MATERIAL TO PROCESS:
↓↓↓
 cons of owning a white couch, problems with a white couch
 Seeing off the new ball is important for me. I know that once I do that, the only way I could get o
↑↑↑
↓↓↓
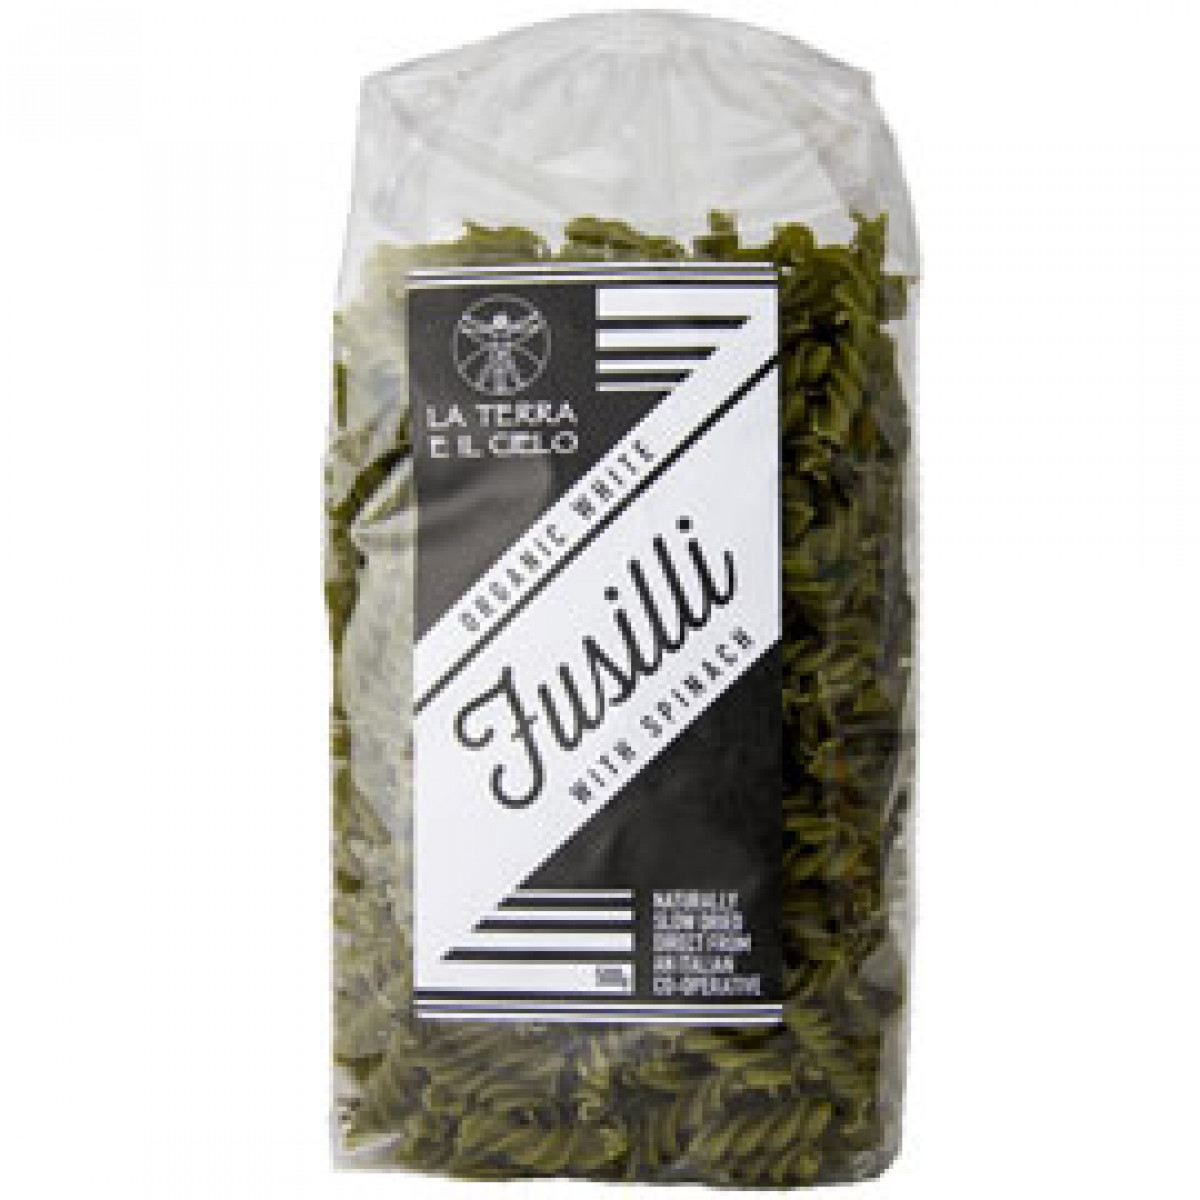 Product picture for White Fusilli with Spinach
↑↑↑
↓↓↓
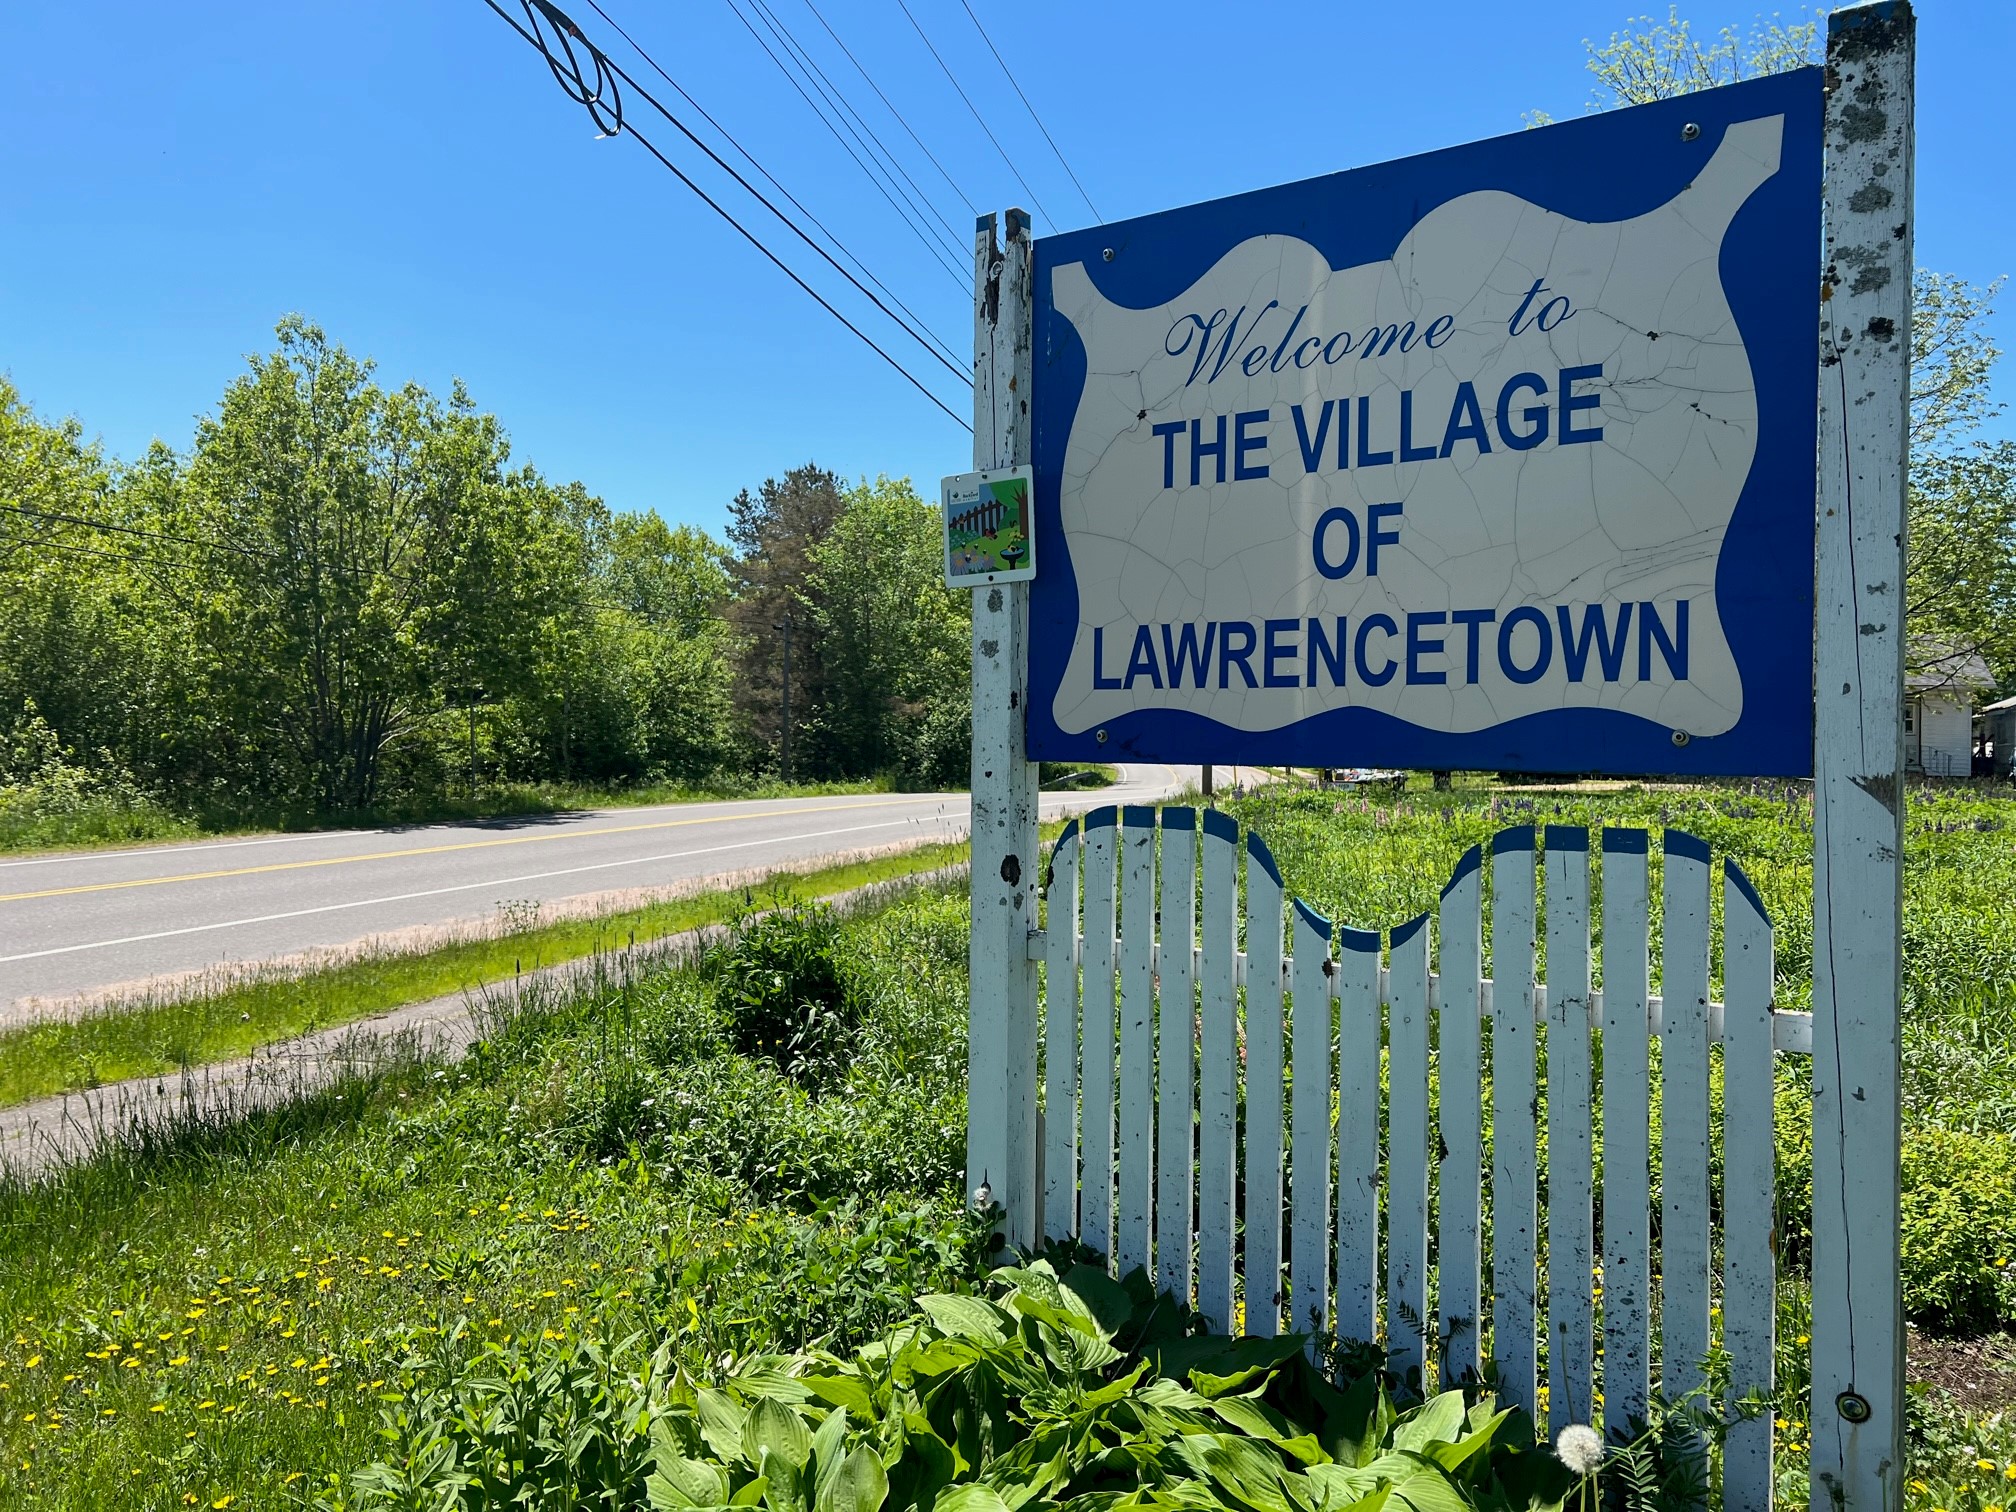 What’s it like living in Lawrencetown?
↑↑↑
Referring to the material above, set down exactly the lines between the line with "cons of owning" and the line with "Seeing off the", inclusive, and no other lines.

SOLUTION TO THIS EXERCISE:
 cons of owning a white couch, problems with a white couch
 Seeing off the new ball is important for me. I know that once I do that, the only way I could get o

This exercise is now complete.